The Dec. 31 deadline has been controversial since Congress passed the aviation security bill in November. Critics said that moving quickly might lead to shortcuts that would weaken the new security system, and Mineta initially said that the deadline could not be met. Transportation Department Inspector General Kenneth Mead has urged Congress and the Bush administration to back away from the deadline, but neither party has wanted to be the first to budge.

"Hopefully, this will only be a temporary plan," Mica said. "It is my hope that we can get to the next generation of equipment and technology. I think that trace [detection] will give us the protection that we need in the interim, and then we can change it out later on with better technology."

Mica said it would have been a mistake to opt exclusively for CT scanners, because that technology is also likely to be overtaken by less expensive and more reliable systems.

But Laird, the aviation security consultant, noted that, in the government, temporary solutions have a way of becoming permanent. "My fear is that once they get the trace [detectors] up and in place, they will find it more difficult to come up with the money for other systems."

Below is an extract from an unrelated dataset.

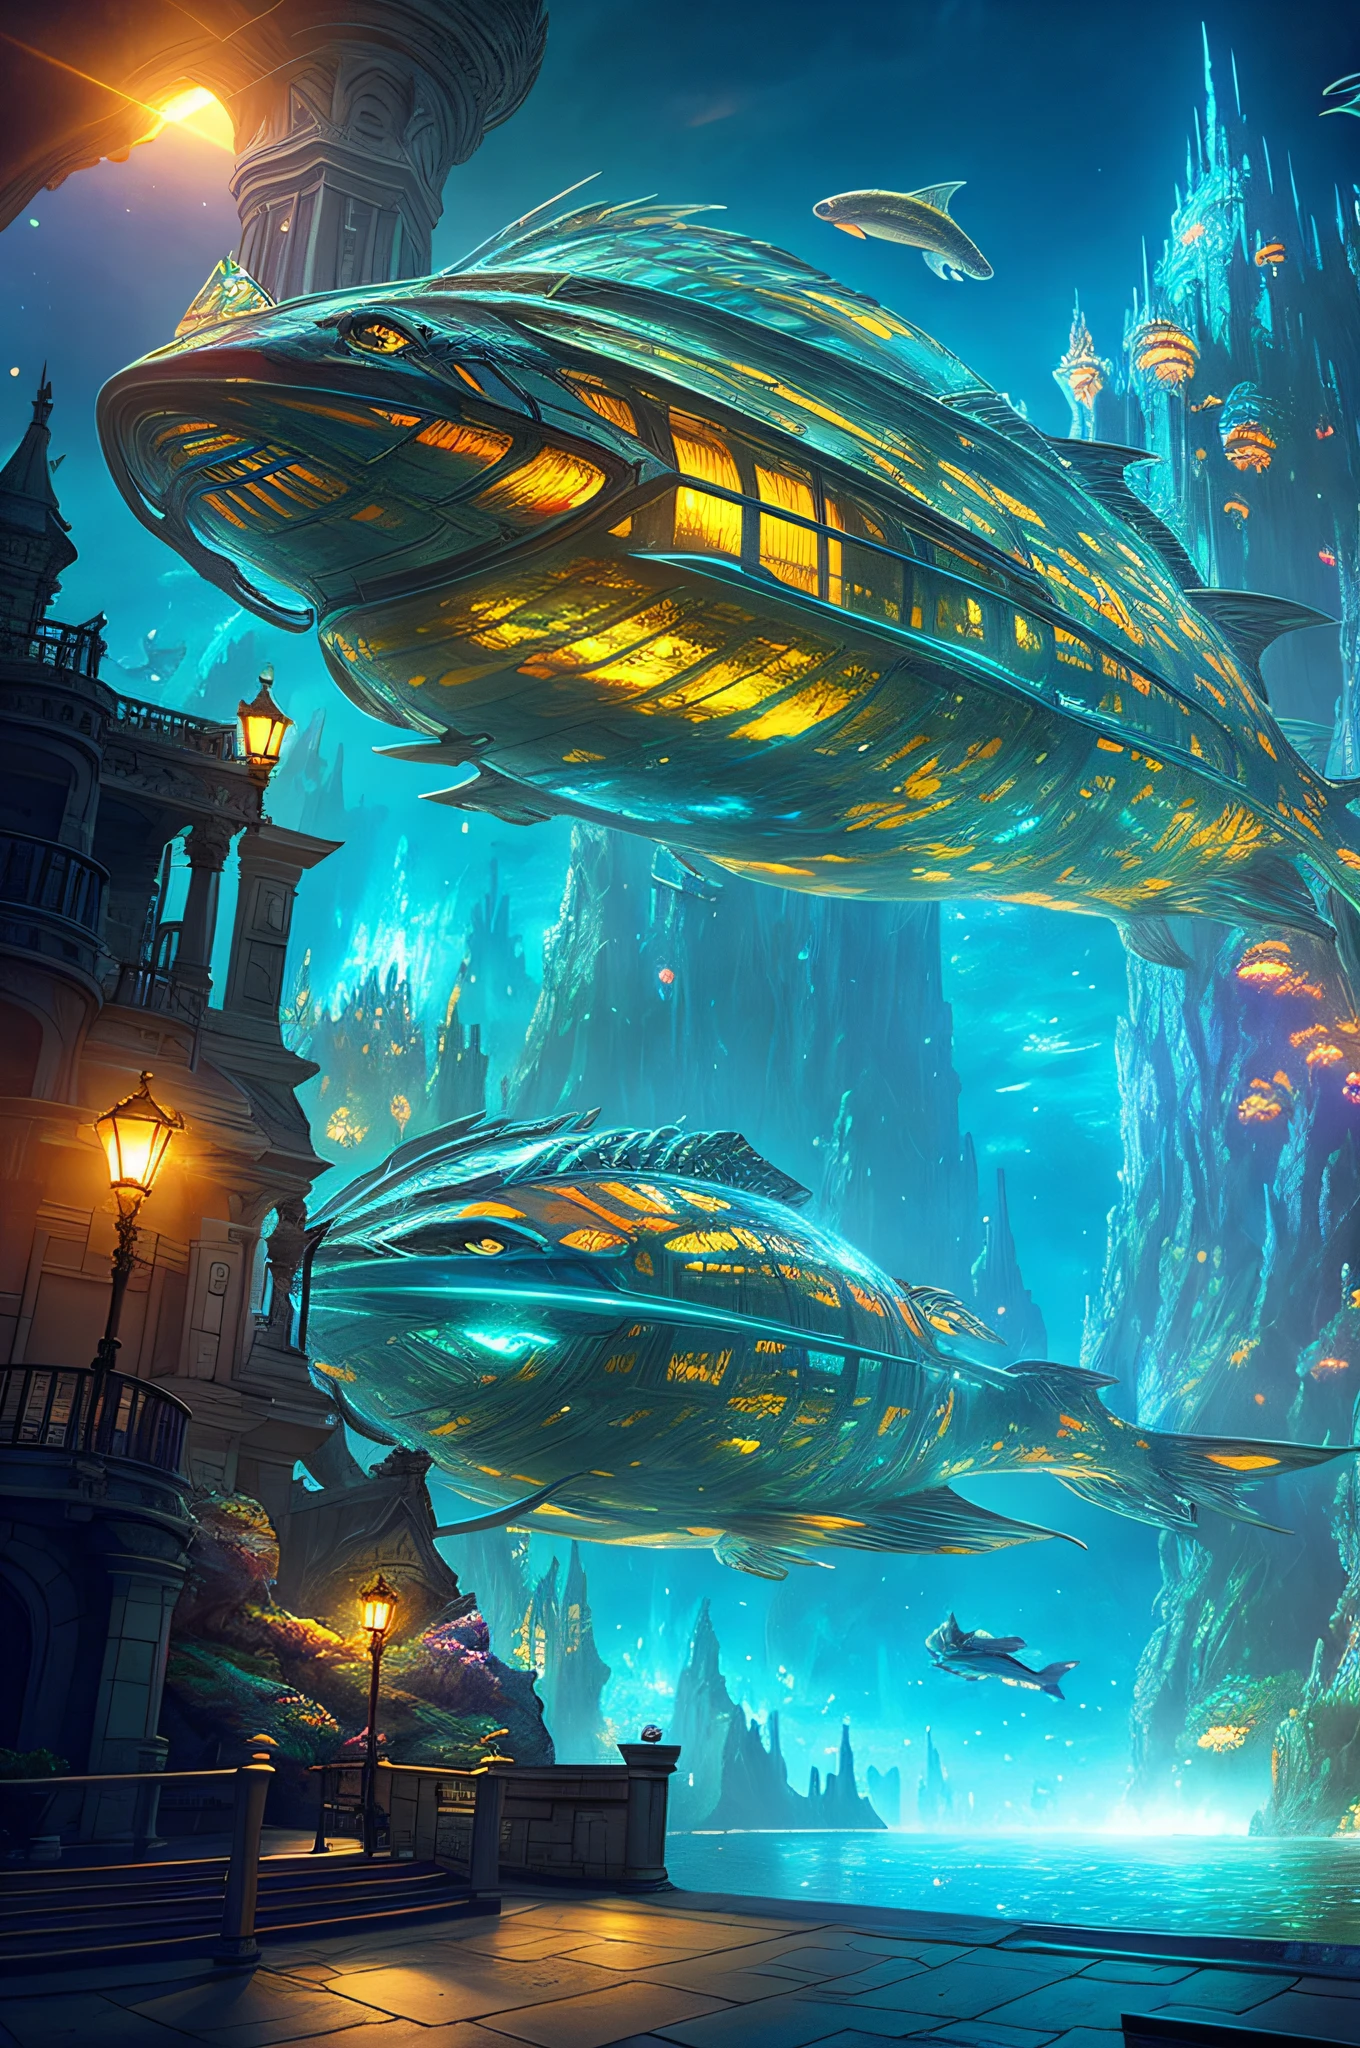 Fantasy-Konzeptkunst, ein transparentes Gebäude als riesiges Aquarium mit Fischen in der Nacht, schöne Lichtdekoration, Weitwinkelobjektiv, 8k-Octan-Rendering, Realistisch, epische Aufnahmen, Filmbeleuchtung, detaillierte Architektur, detaillierter Fisch, Brillant und farbenfroh

Because screening bags using trace detectors is more labor-intensive, estimates of the number of screeners needed nationwide have more than doubled, from 30,000 to 65,000. Mineta said that Baltimore-Washington International Airport, which the government has used as a test facility, will be the first to get a full complement of federal screeners, as government employees take over that responsibility from private contractors this summer.